In the process of finding the general solution to a partial differential equation using separation of variables, I derived the Fourier sine series $\sum_{n = 1}^\infty b_n \sin(n\pi x) = e^{2x}$.
The problem is as follows:
Write down an expression (involving inner products) for the values of the constants in the general solution.
The solution provided is as follows:
The initial condition is $u(x, 0) = 1$ for $0 < x < 1$.
$\therefore \sum_{n = 1}^\infty b_n e^{-2x} \sin(n\pi x) = 1$
$\implies \sum_{n = 1}^\infty b_n \sin(n\pi x) = e^{2x}$
The functions $\sin(n\pi x)$, $n = 1, 2, 3, ...$ are orthogonal on $[0, 1]$ with inner product $\langle\ f(x), g(x)\rangle = \int_0^1 f(x)g(x) \ dx$, and hence
$b_n \dfrac{\langle e^{2x}, \sin(n\pi x) \rangle}{\langle \sin(n\pi x), \sin(n\pi x) \rangle}$.
I don't understand how it was found that the functions $\sin(n\pi x)$, $n = 1, 2, 3, ...$ are orthogonal on $[0, 1]$?
I also don't understand how we get $b_n \dfrac{\langle e^{2x}, \sin(n\pi x) \rangle}{\langle \sin(n\pi x), \sin(n\pi x) \rangle}$? It seems almost like an orthonormalisation?
I would greatly appreciate it if people could please take the time to clarify this.

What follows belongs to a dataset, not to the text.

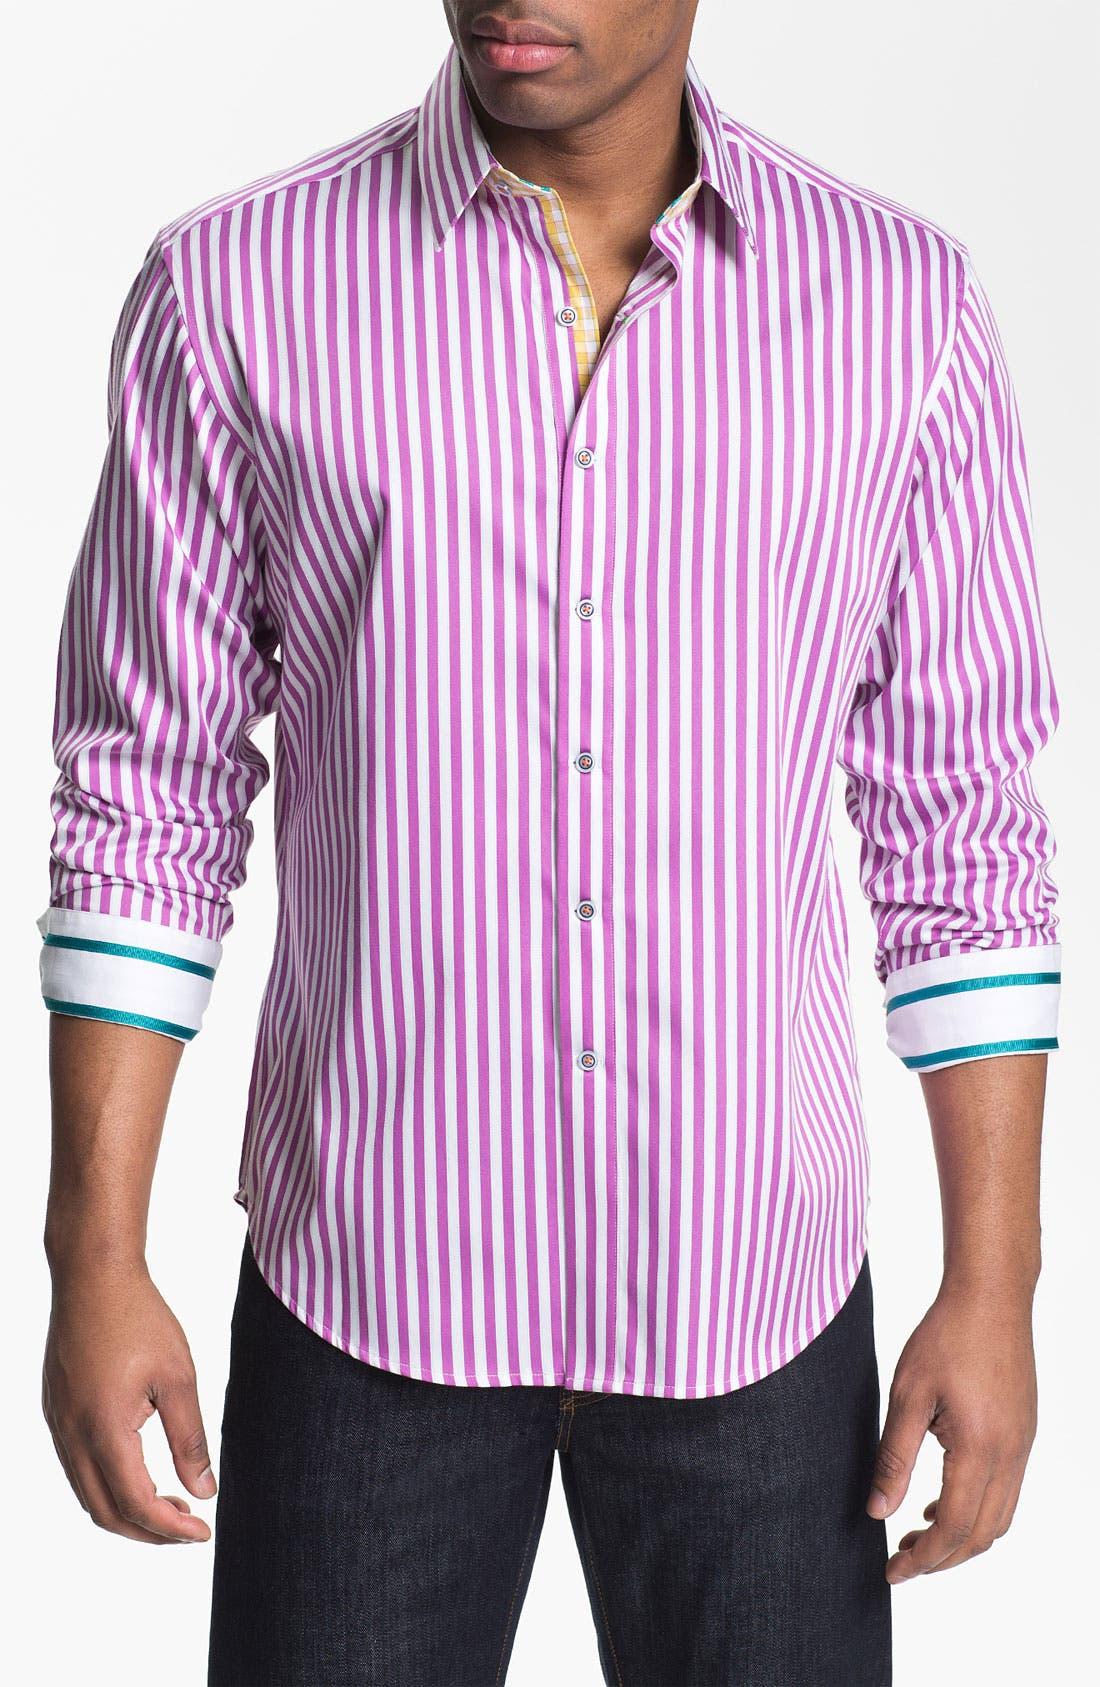 Alternate Image 1 Selected - Robert Graham 'Lanai' Sport Shirt

You can convince yourself that they are indeed orthogonal by checking the integral : $$\int_0^1 \sin(n \pi x) \sin(m \pi x) = \frac{1}{2}\delta_{m-n} $$
For your second question, it is exactly an orthonormalization. The inner product is equivalent to a dot product of ordinary vectors. The vector basis are given by $e_n = \sin(n\pi x)$, which is simply an infinite basis. You are simply doing projections into this vector basis. Consider the following : $$ \exp(2x) = \sum_n b_n \sin(n\pi x)$$. Now integrate both sides with another sine function and permute sum/integral, which is how you usually derive $b_n$: $$ \int_0^1 \exp(2x) \sin(m \pi x) = \sum_n b_n \int_0^1 \sin(m\pi x) \sin(n\pi x)$$. Using the fact that the right integral is zero if $n\neq m$, you get: $$ \int_0^1 \sin(m \pi x )\exp(2x) = b_m \int_0^1 \sin(m\pi x)^2$$. This is exactly a vector base change. The sines function form a vector space, with the inner product defined by an integral. The vector space is also complete in the sense that any function in [0,1] can be exactly represneted by a sum of sines.